Looking back, 2019 wasn’t the most compelling year for gadgets. Apple’s iPhone 11, even with its distinctive triple-lens camera, proved to only be a minor upgrade to last year’s model. As carriers began expanding 5G networks throughout the world, 5G phones are still limited in availability—not to mention expensive. And while both Amazon and Google released a slew of products meant to work with the voice assistants Alexa and Google Home, user trust has declined after leaked recordings from both tech giants raised privacy concerns.
Alas, we didn’t even get to celebrate the triumphant return of the foldable phone. Samsung finally launched its Samsung Galaxy Fold in September, after recalling all the test units it sent to members of the press due to a screen malfunction. But the phone remains a novelty item, too pricey and niche to catch on with mainstream consumers. At 7.3 inches when unfolded, the Galaxy Fold is slightly smaller than an iPad mini but larger than the iPhone XS Max—built for the mysterious buyer who wants something larger than a phone, smaller than a tablet, and has $2,000 to burn.

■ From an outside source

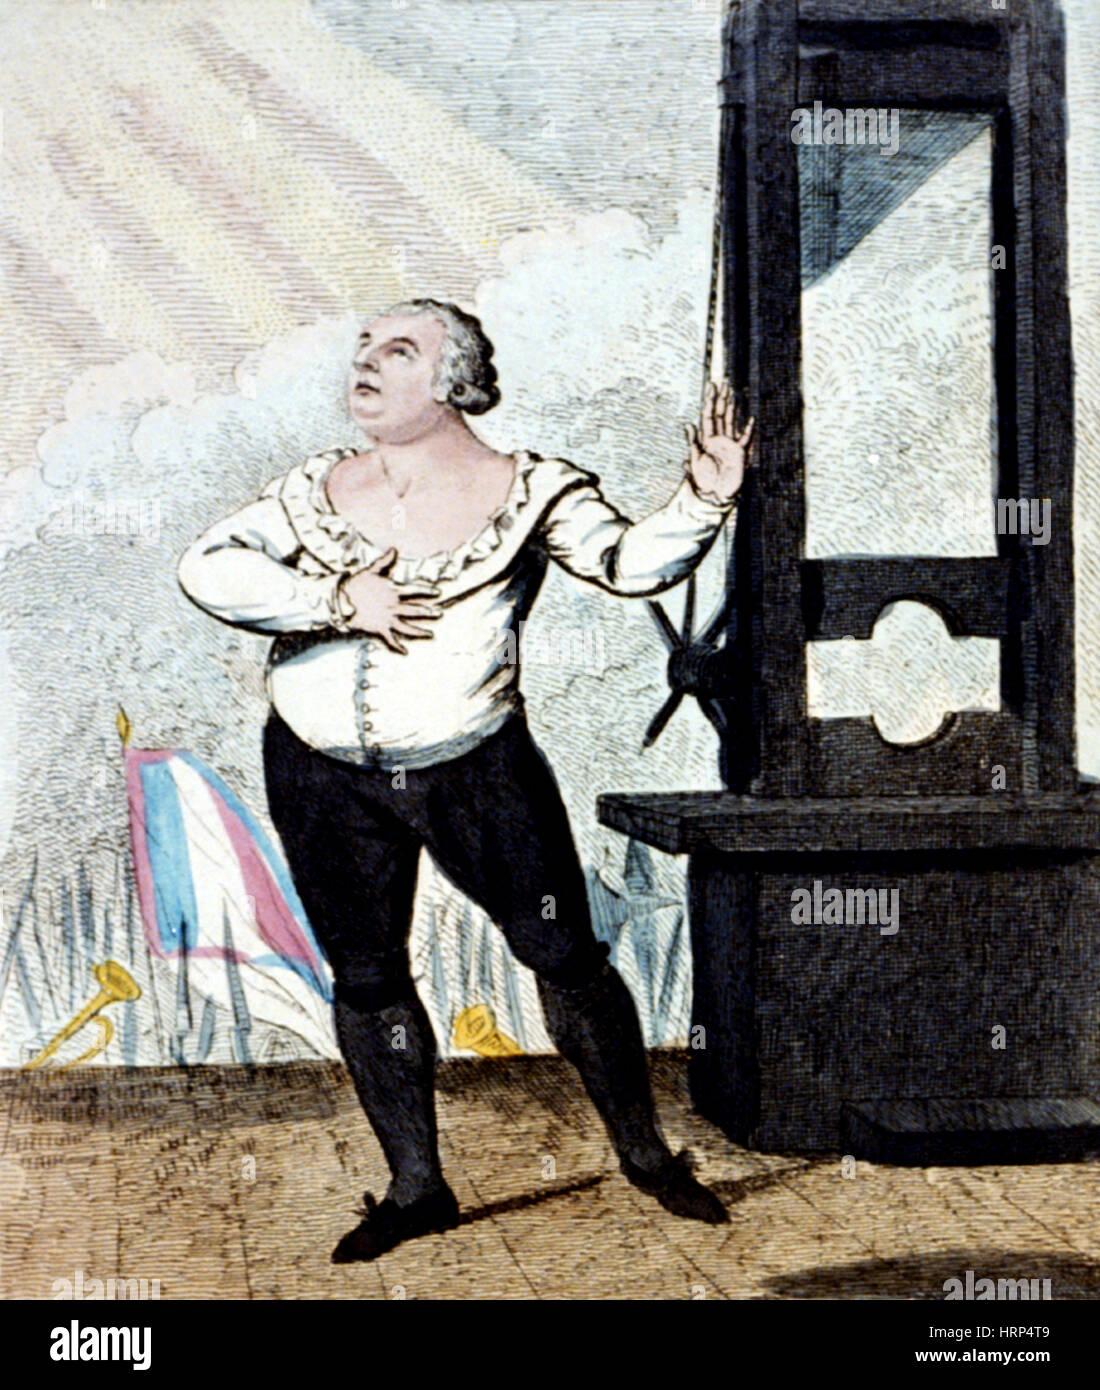 French Revolution, Execution of Louis XVI, 1793 - Stock Image

To be fair to the last year in the decade, 2019 did bring forth a much-improved Macbook Pro, more options for wireless earbuds, and new advancements in VR headsets. Few gadgets took us entirely by surprise, but many, like the Apple Watch 5, were well-executed improvements upon a solid older model. Here are our picks for the best gadgets of 2019:
The $399 Quest is the fourth consumer VR headset released by Oculus. The Facebook-owned company has had a long time to get it right, and that’s apparent in the standalone, completely wireless Quest. The headset doesn’t need a phone or PC to work, and weighs a relatively light 571 grams. The Quest is also an ideal headset for VR gaming. It includes six degrees of freedom tracking (6DoF), meaning that players have the freedom to move in multiple directions (up-down, forward-backward, and left-right). The Quest also has the ability to detect hand movements, and comes with dual hand controllers.

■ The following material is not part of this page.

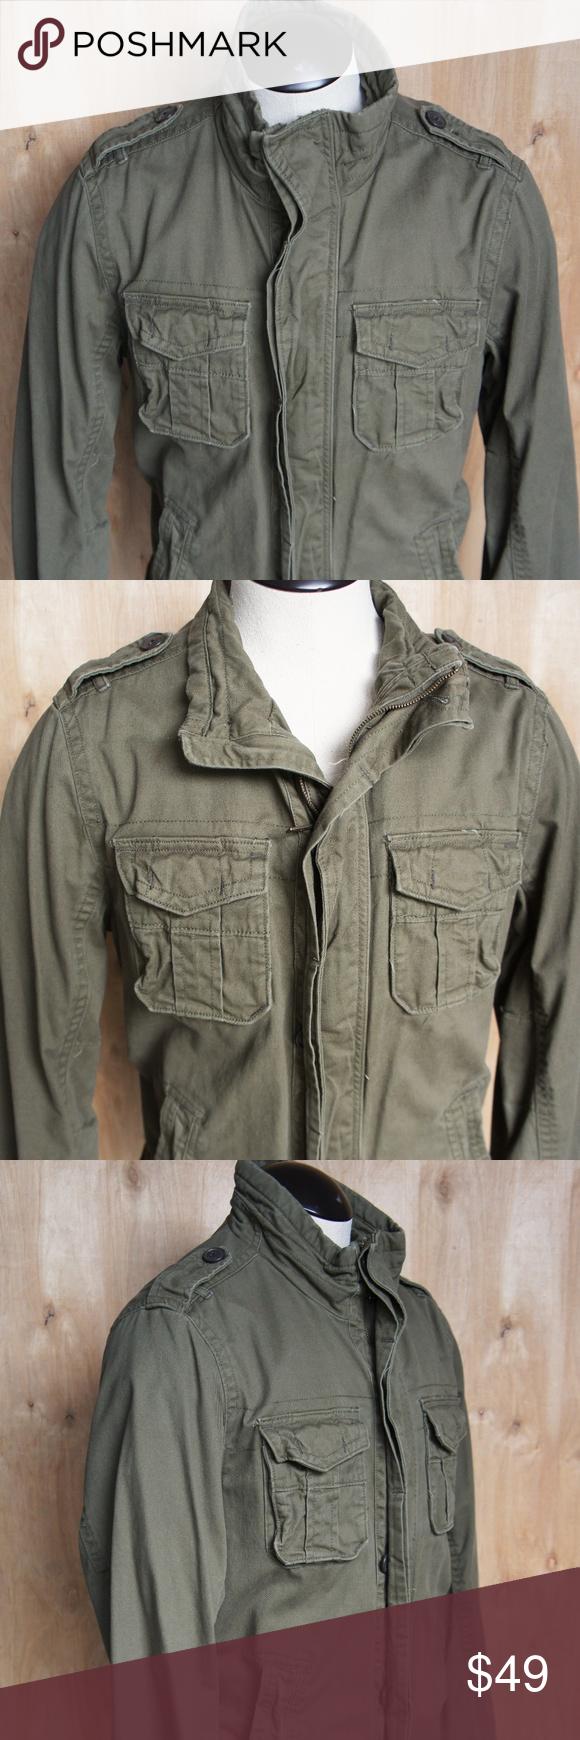 Men S English Laundry Fatigue Jacket Blaque Label Jackets English Laundry Field Jacket [ 1740 x 580 Pixel ]

Sony’s sleek, noise-cancelling wireless earbuds are our top pick for an AirPods alternative. At $199, the earbuds are slightly pricier than Apple’s model, but also come with a few features that many will find worth it. The tips come in a range of sizes, allowing users to select the most comfortable fit. You can also adjust the level of noise cancellation, allowing you to keep an ear out for a ringing doorbell or crying baby.
2019 Macbook Pro
In many ways, Apple’s newest Macbook Pro is a laptop that should have been released five years ago. Gone is the widely reviled butterfly keyboard found in every model of Macbook since 2015, which was notorious for easily breaking and attracting dirt. Instead, the newest Pro returns to the classic “scissor-switch” keyboard. A larger display, brand new speakers, and an increased battery capacity that allows you to skip packing your charger for most long-haul flights seals the deal.
Apple Watch 5
Apple’s fifth generation wearable is a crowd pleaser. With its “always-on” display, the Apple Watch 5 functions well as both a smart watch and a dumb watch. The addition of a built-in compass makes the watch a great asset for hiking or other outdoor activities. It includes all the features that made the Series 4 such a great watch: ECG, the same processor, and 18 hours of battery life (though some Series 5 users have reported issues with battery life). At $399 for the base model, the Series 5 isn’t cheap. But for what is arguably the most feature-heavy wearable on the market (it can play podcasts, track your menstrual cycle, and guide you through meditation), the price will be worth it for many.
NVIDIA GeForce RTX Super Graphics Cards
NVIDIA released a trio of graphic cards this year that are a must-have for any PC gamer. The RTX 2060 Super ($399), RTX 2070 Super ($499) and the RTX 2080 Super ($699) are now NVIDIA’s flagship gaming graphics cards, packing in more memory and power than ever before. The RTX 2060 Super is around 15% faster than the RTX 2060 (released back in January). The RTX 2070 Super is roughly 8% faster and the RTX 2080 Super is 11% faster than their predecessors, both of which were released in 2018. At the same price as the older models (with the exception of the 2060 Super, which is $50 more than a standard 2060), the Super series is a relative bargain.